| Activity |
Please repeat exactly the lines below from the line with "Basic Hoodie In Black" to the line with "Vintage-Haus, Venedig, Italien.", including both, and leave out every picture.

### Task input

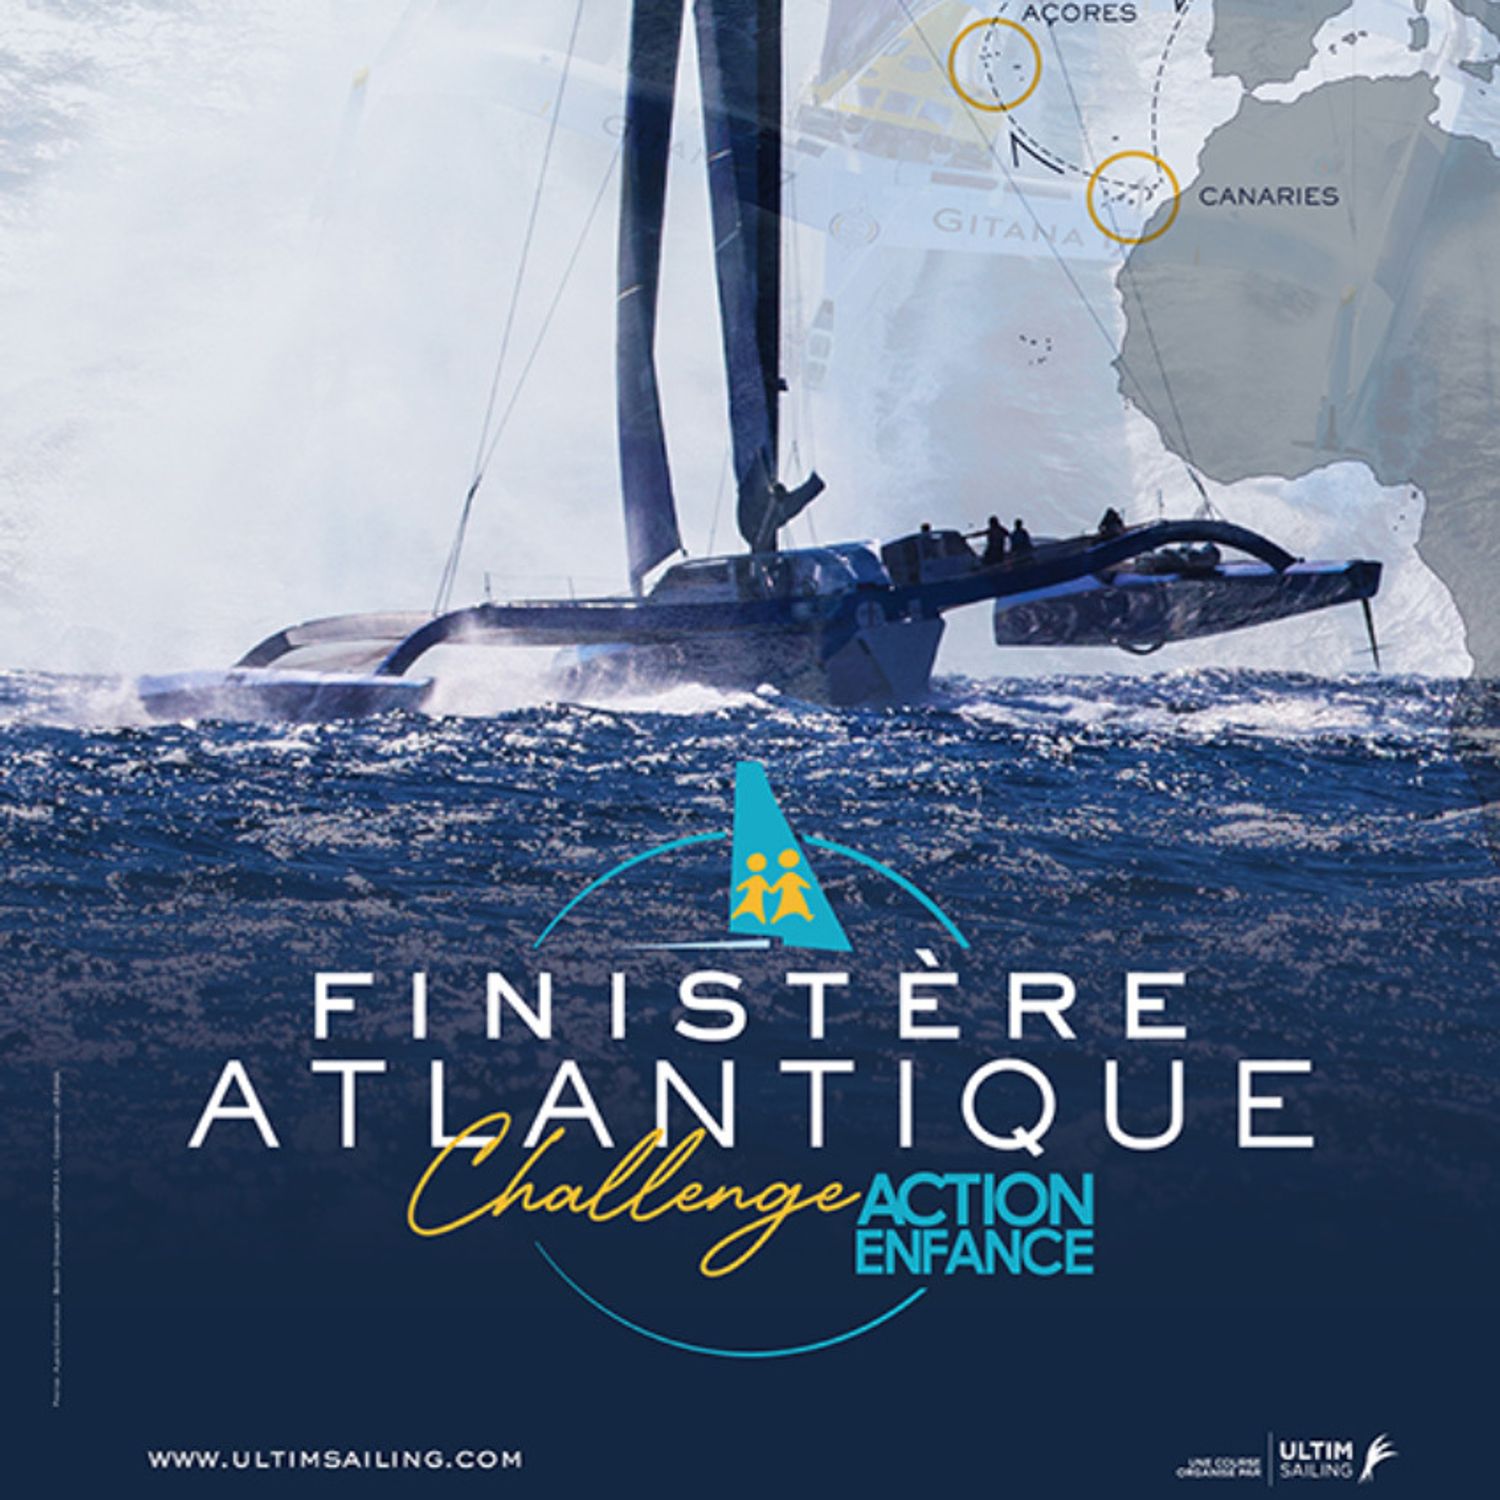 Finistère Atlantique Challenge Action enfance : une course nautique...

######
### Task input

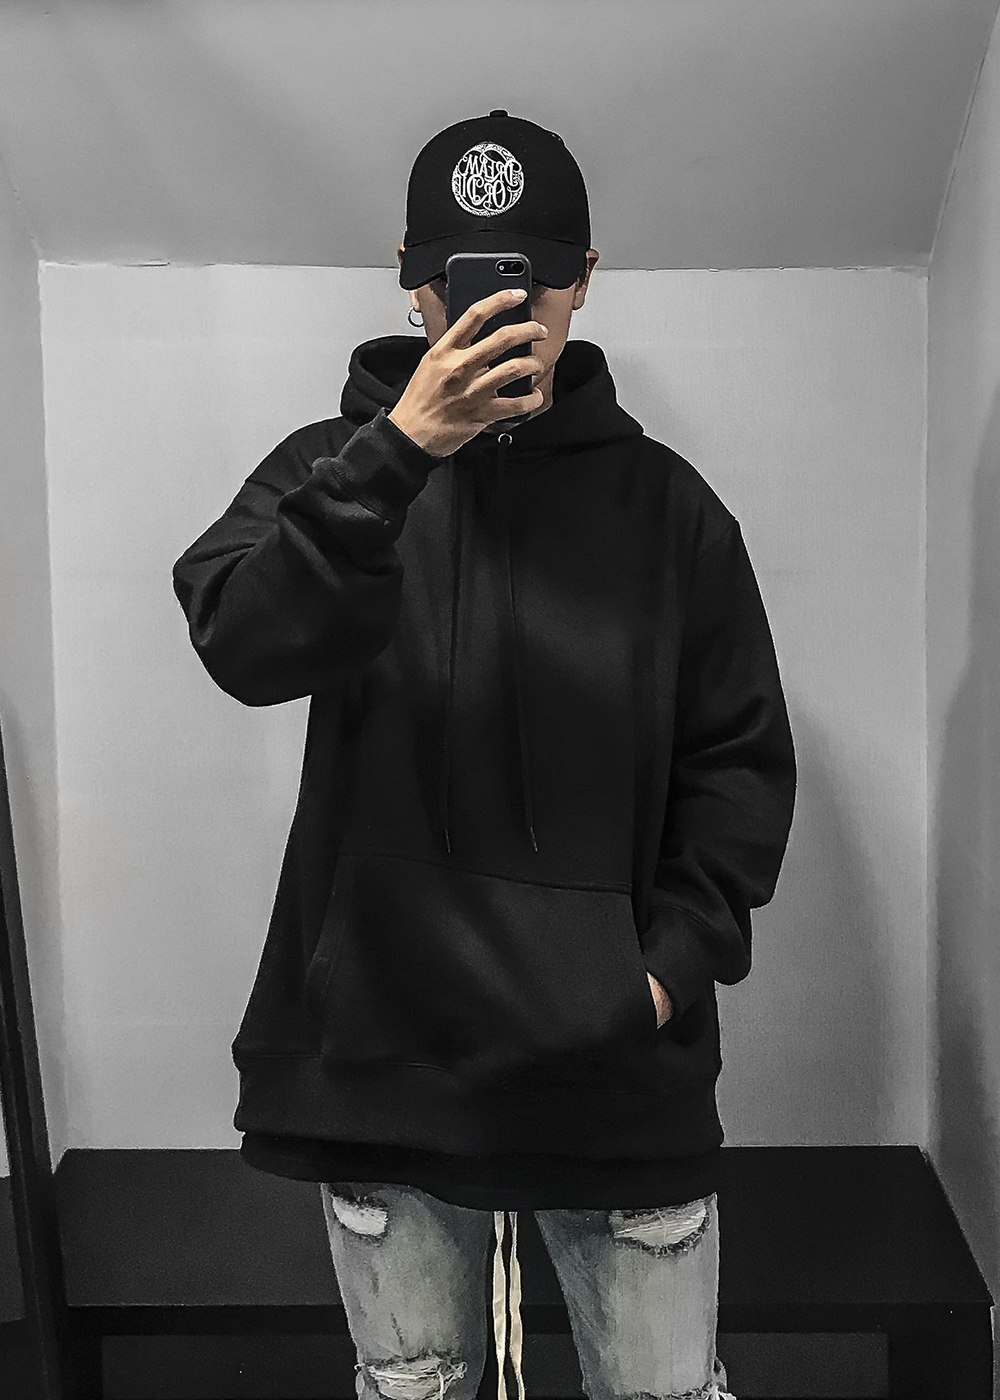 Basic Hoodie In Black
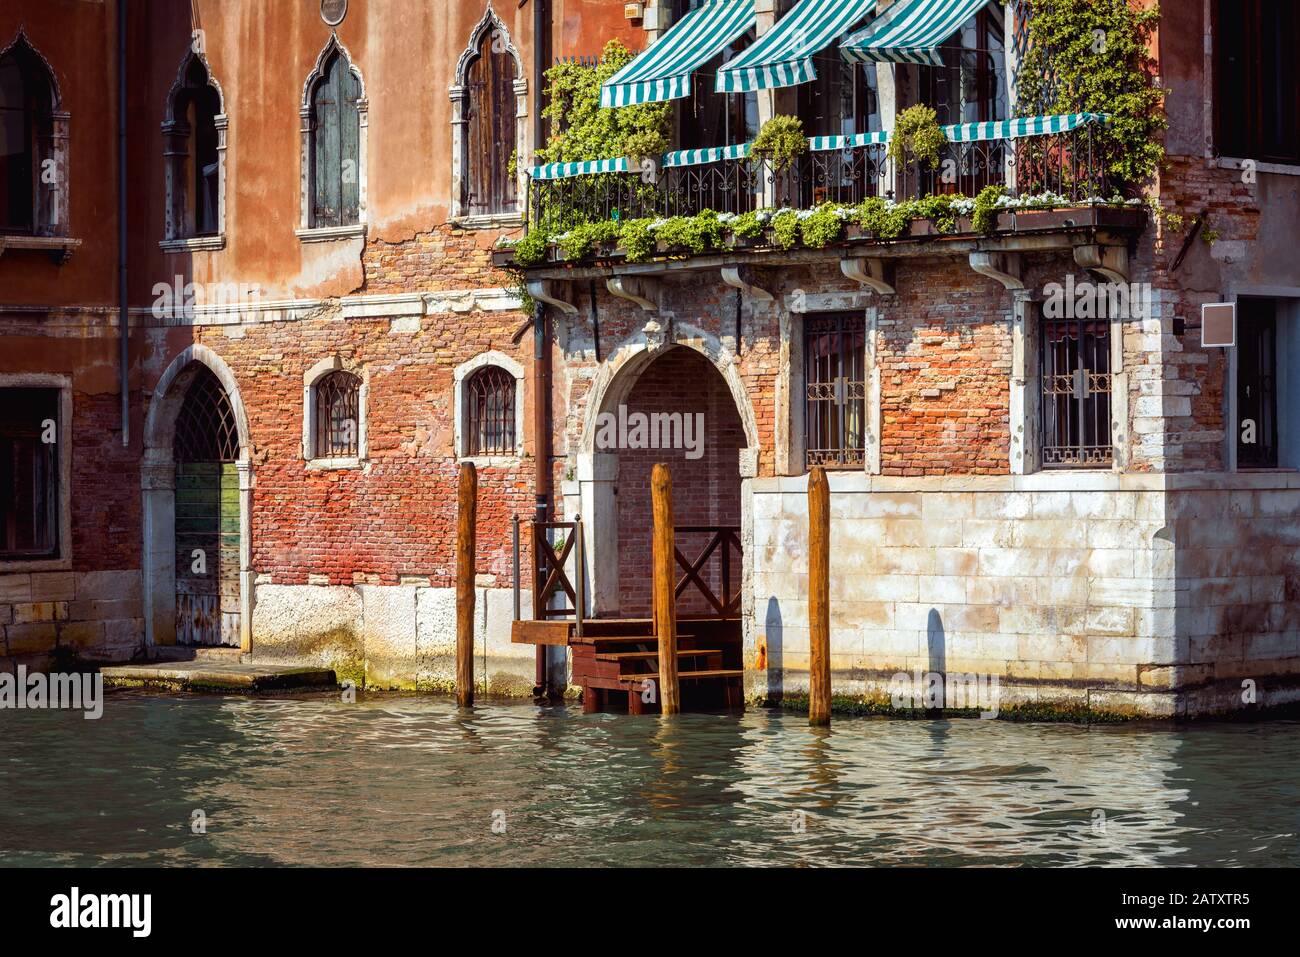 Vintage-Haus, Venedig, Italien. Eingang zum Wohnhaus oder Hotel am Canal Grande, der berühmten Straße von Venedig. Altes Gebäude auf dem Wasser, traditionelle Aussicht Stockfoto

######

| Response below |
 Basic Hoodie In Black
 Vintage-Haus, Venedig, Italien. Eingang zum Wohnhaus oder Hotel am Canal Grande, der berühmten Straße von Venedig. Altes Gebäude auf dem Wasser, traditionelle Aussicht Stockfoto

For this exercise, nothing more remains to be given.